# Rpc: Balance And Phasing



## Uglydog (Oct 24, 2016)

I've been dragging my feet on getting my new lathe powered up until I was certain that my RPC was running correctly. I've always figured that the old induction motors on my Vintage Iron was pretty tolerant. Not so sure about the additional circuitry (which I don't understand) in this Colchester (expensive parts).

Friend of the family stopped by on Saturday with his ohm meter and oscilloscope. 
First he confirmed that all three legs are balanced within about 1ov of each other.
Then he connected his oscilloscope to my elderly 20hp commercially built RPC up through an isolating device he had built from transformers.

Turns out that two of the legs nearly overlap. Thus, not phasing correctly.
He also observed that everything seems to work well enough and suggested I not worry about it.
Any thoughts on the matter? 
Should I hire the electrical company that built it come and replace capacitors?
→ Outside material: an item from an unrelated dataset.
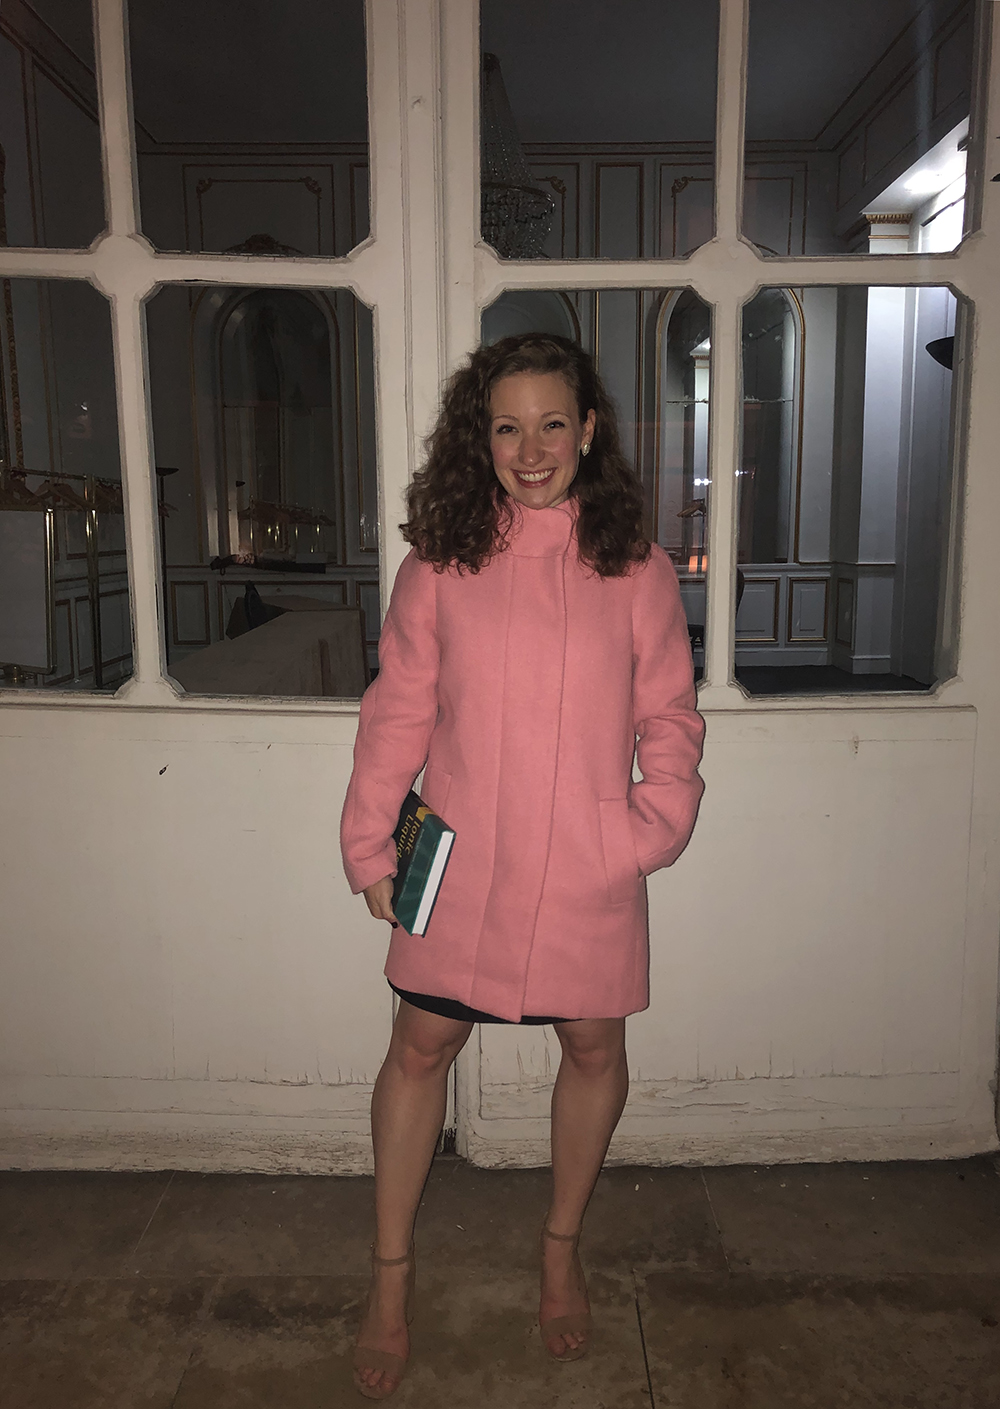 Student in pink coat standing in front of doors

Meanwhile, on his recommendation I've powered up the lathe and "none of the smoke got out".
No real chips yet. Still aligning the tailstock. 

Daryl
MN


----------



## Ulma Doctor (Oct 24, 2016)

10v between phases is perfectly fine, the generated phase will be slightly behind the supplied phases.
as long as you utilized supplied power for running your control circuit you shouldn't have problems
you can monitor the amps per leg, to see how much it's pulling.
if it sounds good, & the voltage is within 10%- i'd say you have a functioning unit, USE IT!!!!


----------



## Uglydog (Oct 24, 2016)

Thank you Ulma!
I'll move forward....

Daryl
MN


----------



## Tony Wells (Oct 27, 2016)

Key thing is to know which is the generated leg and avoid it for anything that feeds a transformer, like a stepdown transformer for any controls, or to get 120V for lights or pump, or any electronics that are tapped off the feed power like a DRO. The main motor is much more tolerant to phase shift. Treat the generated leg like you would the "wild" leg in some commercial 3 phase. This is the same as Mike is saying, pretty much. It might be of interest to use a clamp on ammeter to check each leg of the motor as it runs. They probably won't be the same, but close enough.


----------



## Uglydog (Oct 27, 2016)

Thank you Tony!!

Daryl
MN


----------